Artificial Intelligence 🤖
Practical Aspects of Deep Learning
Dataset Splits

Train, Dev, and Test Sets in Neural Network Development

In deep learning, we use training, development (dev), and test sets to build and evaluate our models. In general, the context is that we:

  1. Define the model structure (such as number of input features and outputs)
  2. Initialize the model's parameters.
  3. Loop
    • Calculate current loss (forward propagation)
    • Calculate current gradient (backward propagation)
    • Update parameters (gradient descent)

It's impossible to get all your hyperparameters right on a new application on the first attempt, so the idea is you go through iterations of Ideas, Code, and Experimentation. Your data will be split into three parts:

  1. Training Set: This is where the model learns. It's the largest data set and is used to fit the model's parameters.
  2. Dev Set: Also known as the Hold-out cross validation set, it's used to fine-tune hyperparameters and compare different models to select the best performer.
    • Choose dev set and test set to reflect data you expect to get in the future in the real-world, and consider what is important to do well on.
  3. Test Set: After choosing the best model using the dev set, the test set provides an unbiased evaluation of the model's performance.
    • This set must come from the same distribution as the dev set.

You will try to build a model upon the training set. Use the Dev (Hold-out cross validation set) to see which of many different models performs the best. When you have a final model that you want to evaluate, you can take the best model you have found and evaluate it on your test set. You do this in order to get an unbiased estimate of how well your algorithm is doing.

Consistency is key: the dev and test sets should come from the same data distribution to ensure the model's performance is assessed accurately. For example, if the training set consists of cat pictures from the web and the dev/test pictures are from users phones, they will mismatch. Sometimes, if only a dev set is used, it's still important to call it a dev set since it's part of the model development process.

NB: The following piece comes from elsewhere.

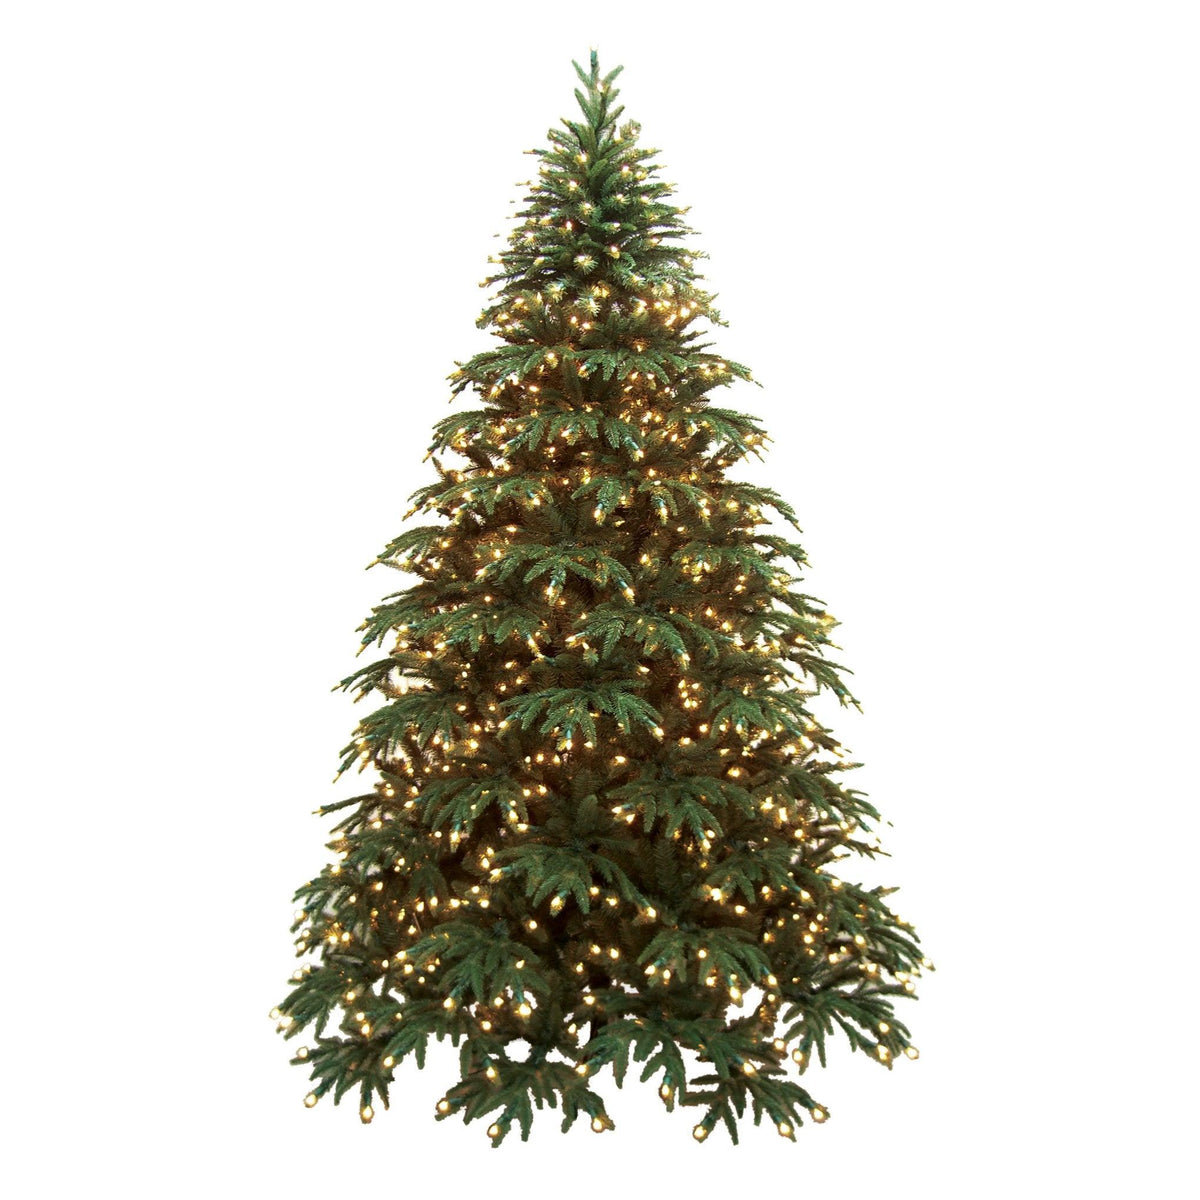 The slim design, measuring 4.5 feet at its base, ensures that you can place this majestic tree in various nooks and corners, bringing holiday cheer to every part of your home. The New Greenland Fir provides the perfect backdrop for your cherished ornaments and decorations, making it the ideal setting for creating cherished holiday memories with your loved ones. 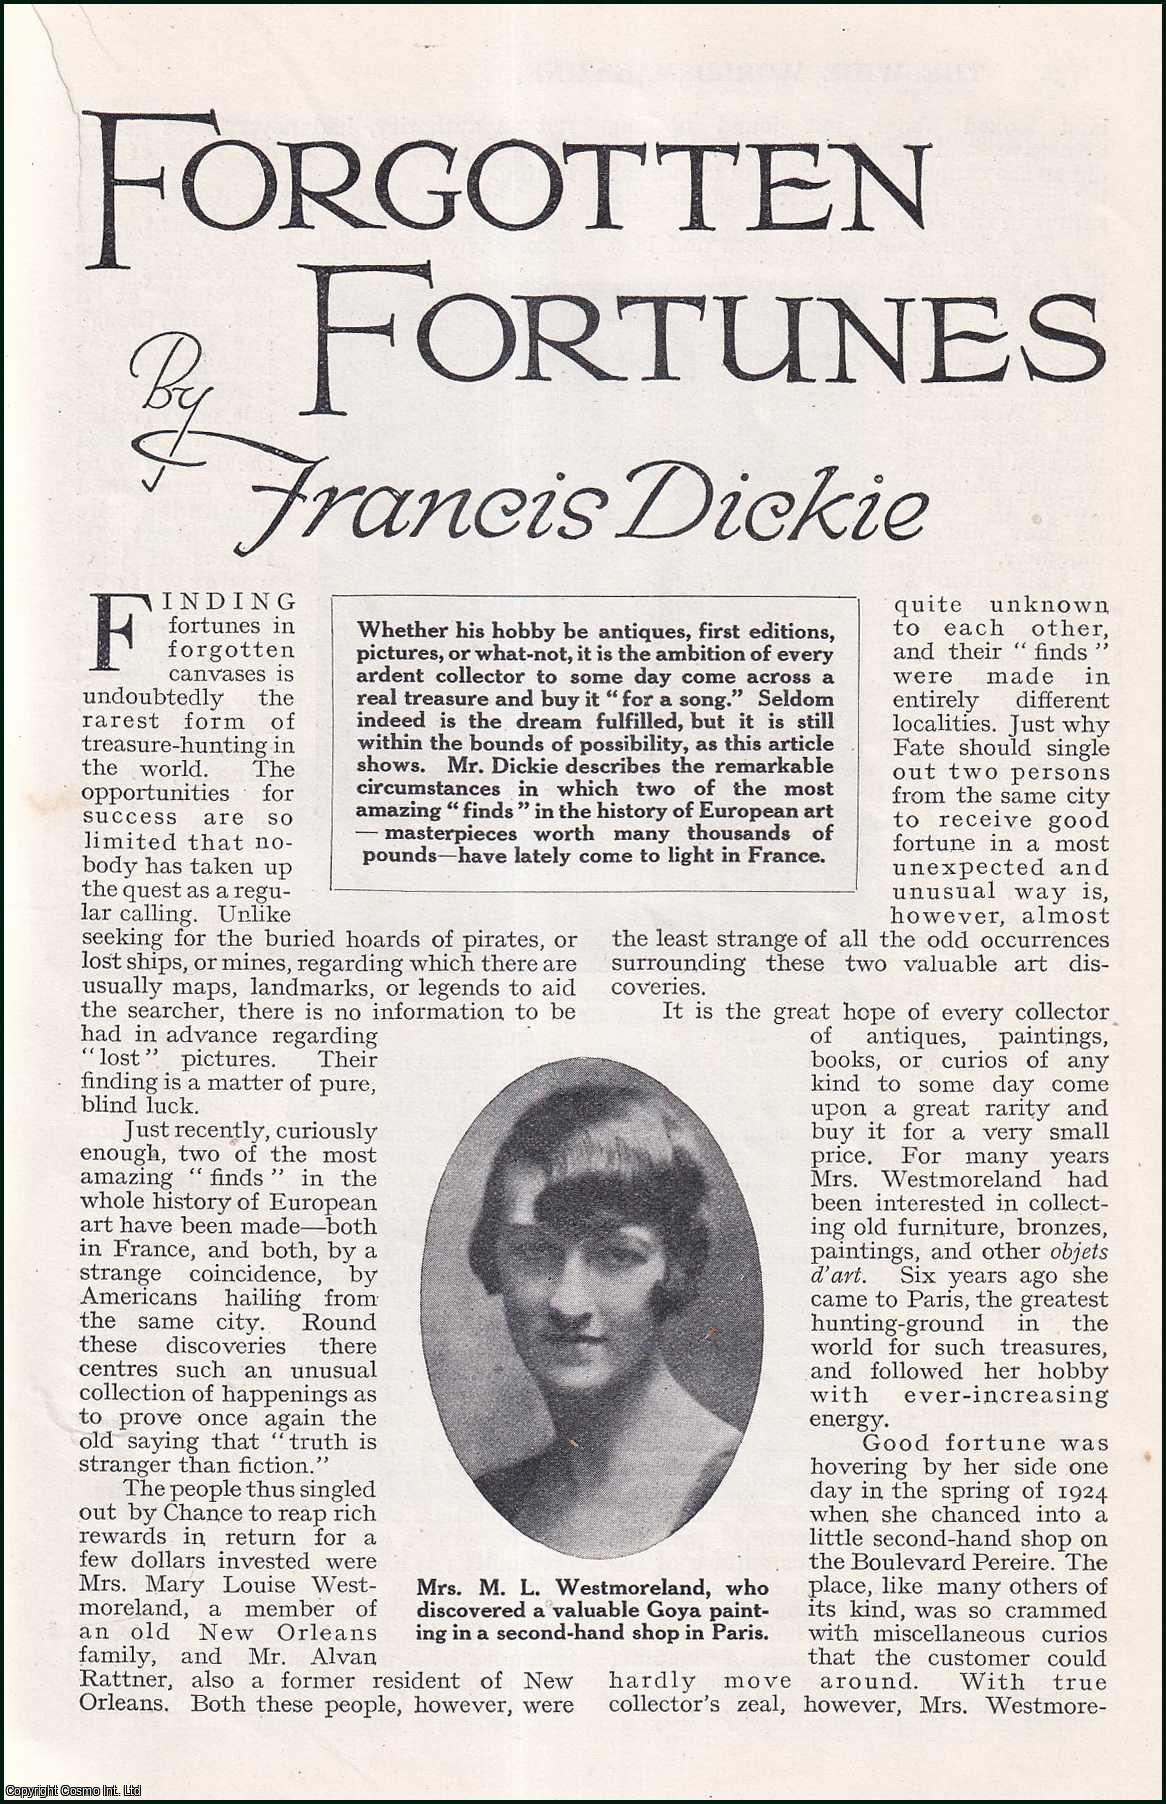 Francis Dickie - Forgotten Fortunes : Paul Gauguin's primitive of Joan of Arc, which was painted on a brick wall & hidden under layers of paper for forty years & the Goya painting discovered by Mrs. Westmoreland. Finding fortunes in forgotten canvases. An uncommon original article from the Wide World Magazine, 1928.

Setting up the dev set, as well as the evaluation metric, is really defining what target you want to aim at. There are scenarios where you might need to revise your dev or test sets, as well as the evaluation metric. In general, if doing well on your metrics with the current dev/test sets does not correspond to doing well on your application, change your metric and/or dev/test sets.

You may also see a train-dev set, which is a random subset of the training set, so it has the same distribution. This is used to investigate data mismatch problems.

Sizing Dev & Test Sets

The goal of the dev set is to test different algorithms on it and see which algorithm works better - it just needs to be big enough for you to evaluate two different algorithm choices or ten different algorithm choices and quickly decide which one is doing better. And you might not even need a whole 20% of your data for that.

The size of each data set can vary:

  • For smaller datasets ( 100 to 1,000,000 ) a 60/20/20 split between train/dev/test is common.
  • For larger datasets, ( 1,000,000 to ∞\infty ) more data is usually given to the training set, sometimes as much as 98%, leaving 1% for both dev and test.